You’ve run out of money. You have just received a final written warning from the local swimming baths for yet again attempting to pass off a car-wash token as a pound in their coffee vending machine. Your confidence is so low, you believe that a piece of over-ripe fruit could write a better piece of editorial than you ever could. Plus, your inability to generate gainful employment obviously comes with the associated assumptions of the paranoid, out-of-work-creative, namely: your parents never wanted you, the sexually active world-at-large has placed an international embargo your under-organs, your hair never lays flat and you daren’t search Facebook because you know that there will be a group entitled: ‘HateThis Flancer’ [accompanied by your picture]. All your exes/employers/family members will have joined it, as will the woman from downstairs whom you’ve only met once.
And so, you pitch to the Magazine You Have no Business pitching to.
This blog post, I might add, is NOT in any way borne of a belief that one publication is better than another. The point is this: flancers sometimes get so desperate to work/earn they will step out of their area of expertise and brazenly venture into the publicational Hinterland of the niche magazine: Quantum Physics Bulletin, Neuro-Surgeon’s World or Miniature China Animals Gazette.
IE into magazine-flavoured waters they know precisely jack shat about.
‘Well, I’ve seen a miniature china animal,’ protests the delusionally desperate flancer, as they eat all that there is left in the house (a packet of biscuits as old as Terry Wogan) to maintain energy levels, thanks to the bastards at the swimming baths having curtailed the illicit coffee supply. And decide that they will simply re-market their total and utter inexperience of animals, small, china or otherwise as ‘a new spin from an outsider!’
They will then plough all of their creative frustration into eight or maybe nine of the worst ideas ever come up with by anybody in the history of the planet (including the people who make air-freshener adverts) and send them off, rubbing their hands together at their cunning. ‘No other flancers will be doing this and I will have the monopoly!’ they cackle, like an inmate of a rubber-walled hospital for the utterly idiotic.

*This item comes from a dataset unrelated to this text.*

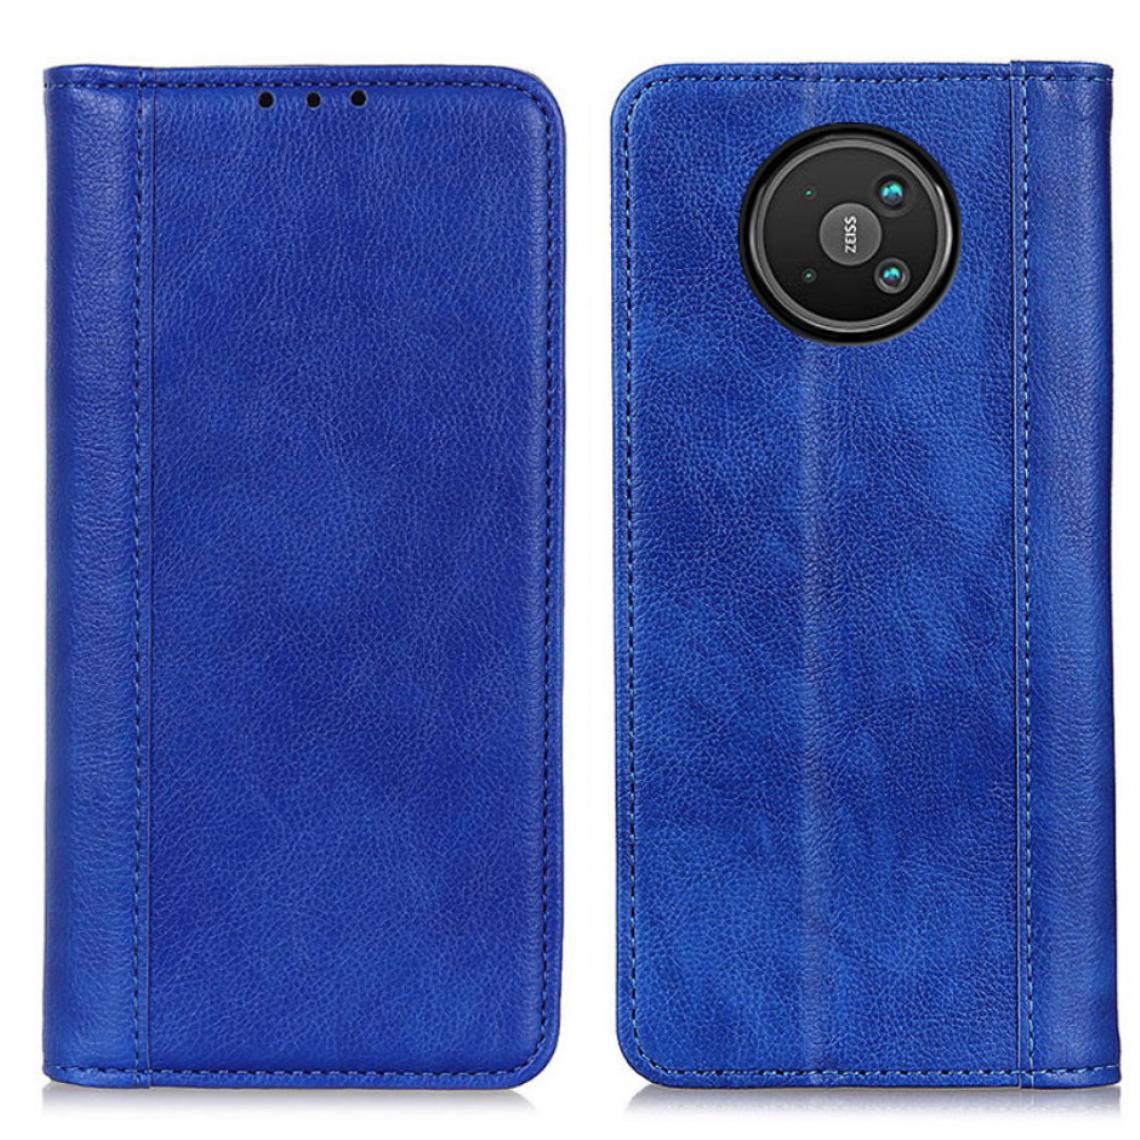 Other - Etui en PU Texture Litchi auto-absorbée avec support bleu pour Nokia 8 V 5G - Coque, étui smartphone

Unsurprisingly, their genius feature idea for ‘clever verbal negotiating tactics for securing a knock-down bargain price from a wiley miniature pottery animal vendor!’ (cunning re titled: ‘Bull in a China Shop’) is just not the MCAG features desk’s sort of thing. Having now been rejected by MCAG, the flancer momentarily considers The Official Gazette of the Slovenian Society for Sautéed Potatoes and Onions* before getting a grip and taking a week off.
*An actual real-life publication. If you have submitted to this magazine I would be delighted to hear from you.